• Tidak ada hasil yang ditemukan

BAB II ANALISIS TOKOH DAN PENOKOHAN NOVEL REALITA

2.2 Tokoh Antagonis

Tokoh antagonis adalah tokoh yang bertentangan dengan tokoh protagonis. Tokoh utama antagonis dalam novel ini adalah ayah Ipang dan Pak Margo karena kedua tokoh ini yang menjadi penyebab munculnya konflik baik secara langsung maupun tak langsung, bersifat fisik maupun batin.

2.2.1 Ayah Ipang

Tokoh utama antagonisnya adalah ayah Ipang karena ia mengalami konflik dengan Ipang. Ayah Ipang merupakan dosen dari salah satu universitas ternama di Jakarta. Baginya masalah pendidikan adalah hal yang sangat penting untuk diperhatikan. Oleh karena itulah ia sangat keras mendidik Ipang agar menjadi anak yang berprestasi di sekolahnya. Namun tanpa disengaja ia justru menekan Ipang dengan ambisinya tersebut. Ipang berontak dan hidup sesukanya, tak lagi perduli pada ambisi ayahnya. Konflik pun muncul, sikap Ipang yang memberontak menyebabkan kemarahan ayahnya memuncak dan terbongkarlah

identitas dirinya yang sebenarnya yaitu bahwa Ipang bukanlah anak kandung kedua orang tuanya.
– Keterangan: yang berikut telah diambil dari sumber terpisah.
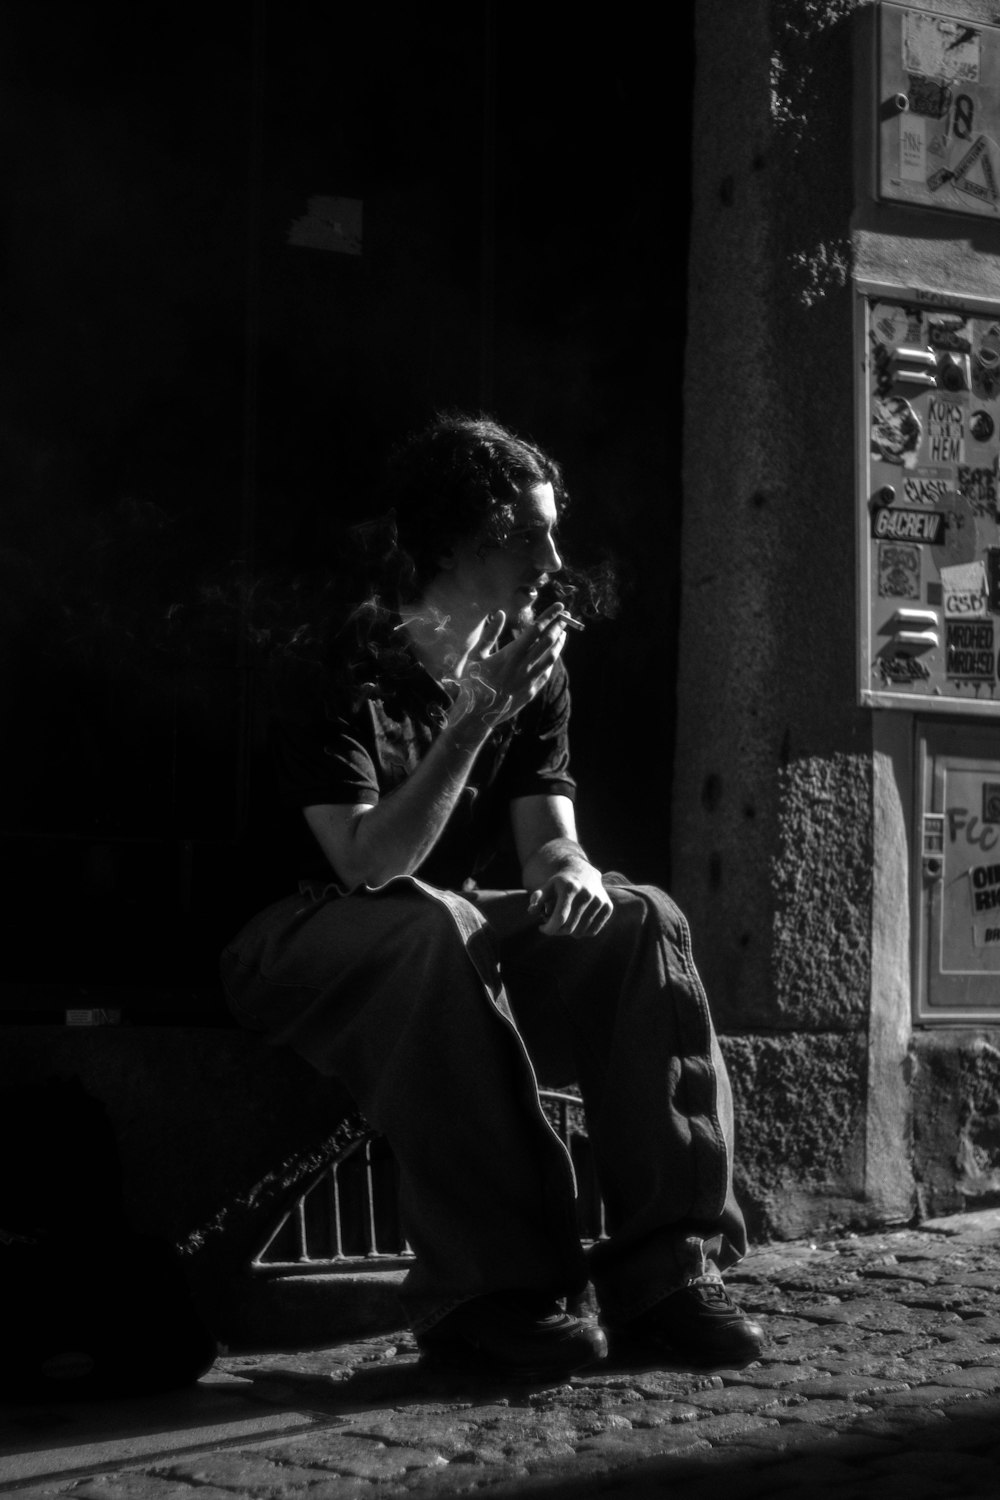 a man sitting on a sidewalk smoking a cigarette
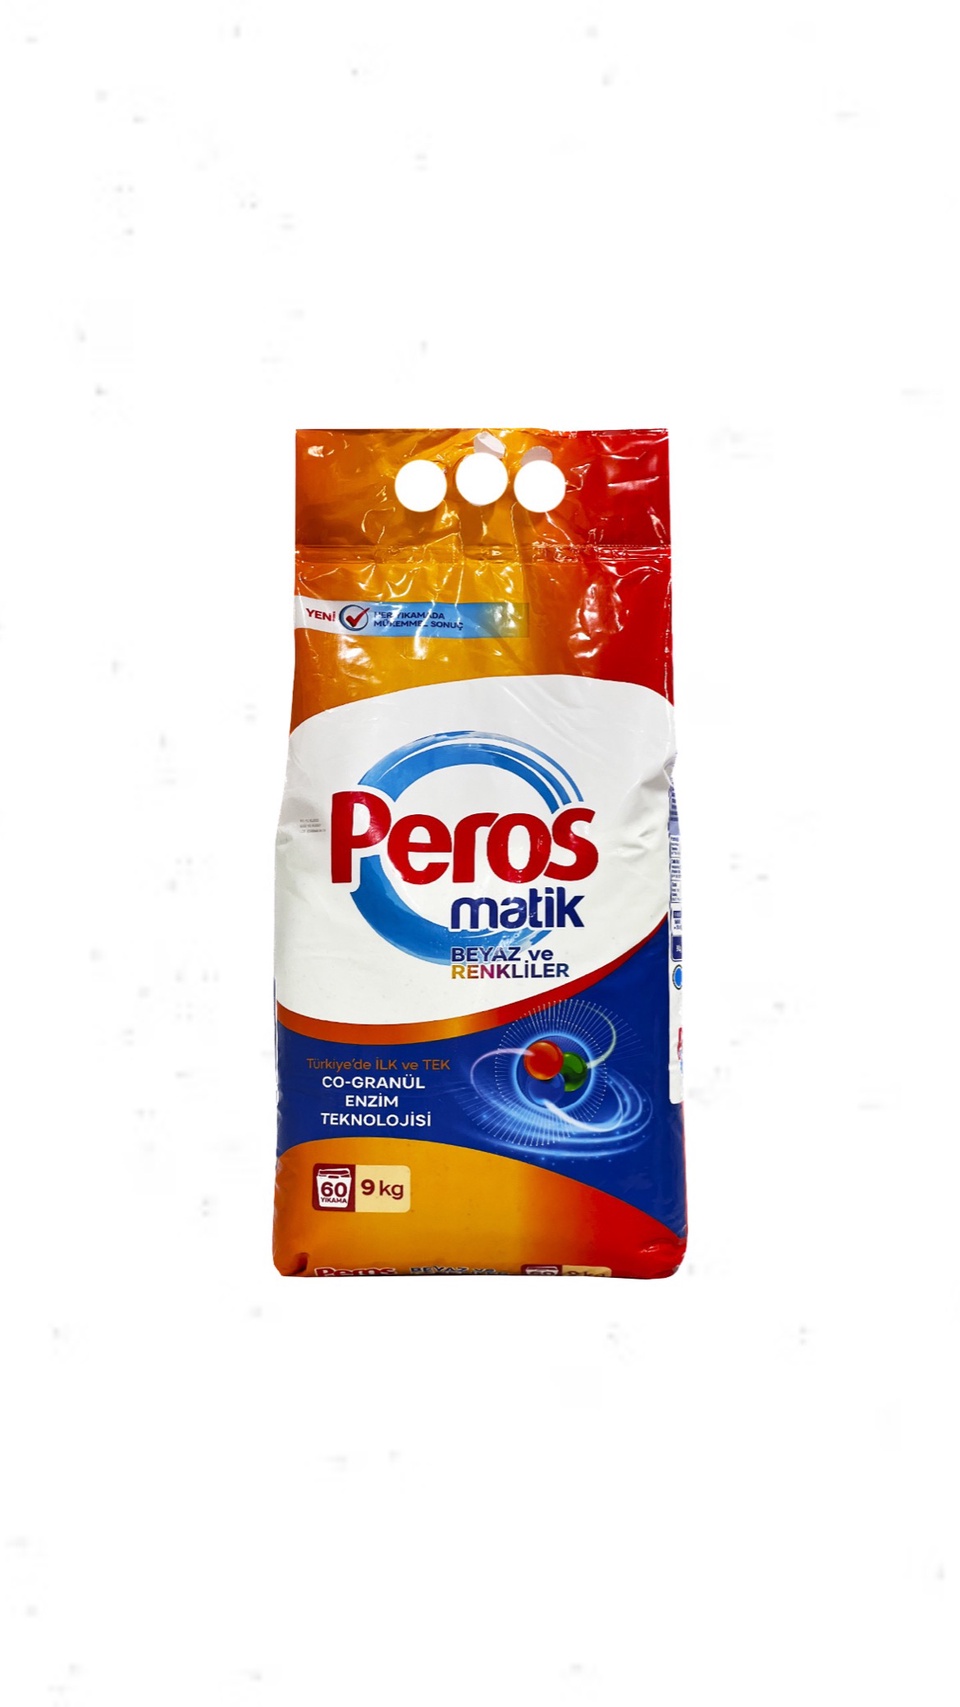 Стиральный порошок автомат для белого и цветного белья Peros гипоаллергенный экo 9 кг - 1 350 ₽, заказать онлайн.

(19) “Tapi kenapa Papa gak bisa cocok sama Ipang? Aneh sekali, menurutku seharusnya Papa sebagai seorang pendidik bisa melakukan pendekatan yang berbeda pada Ipang.”

“ Karena kamu terlalu memanjakannya, Ma!”

“ Tidak. Itu lebih karena Papa terlalu keras pada Ipang!”

“ Terserah apa katamu, Ma. Aku tetap akan mengatakan kebenaran tentang Ipang pada dia…”

“ Pa!”

“ Kebenaran itu mungkin bisa mengubahnya, memberinya pelajaran berharga agar lebih bersyukur dan tidak menyia-nyiakan hidupnya dengan main band!”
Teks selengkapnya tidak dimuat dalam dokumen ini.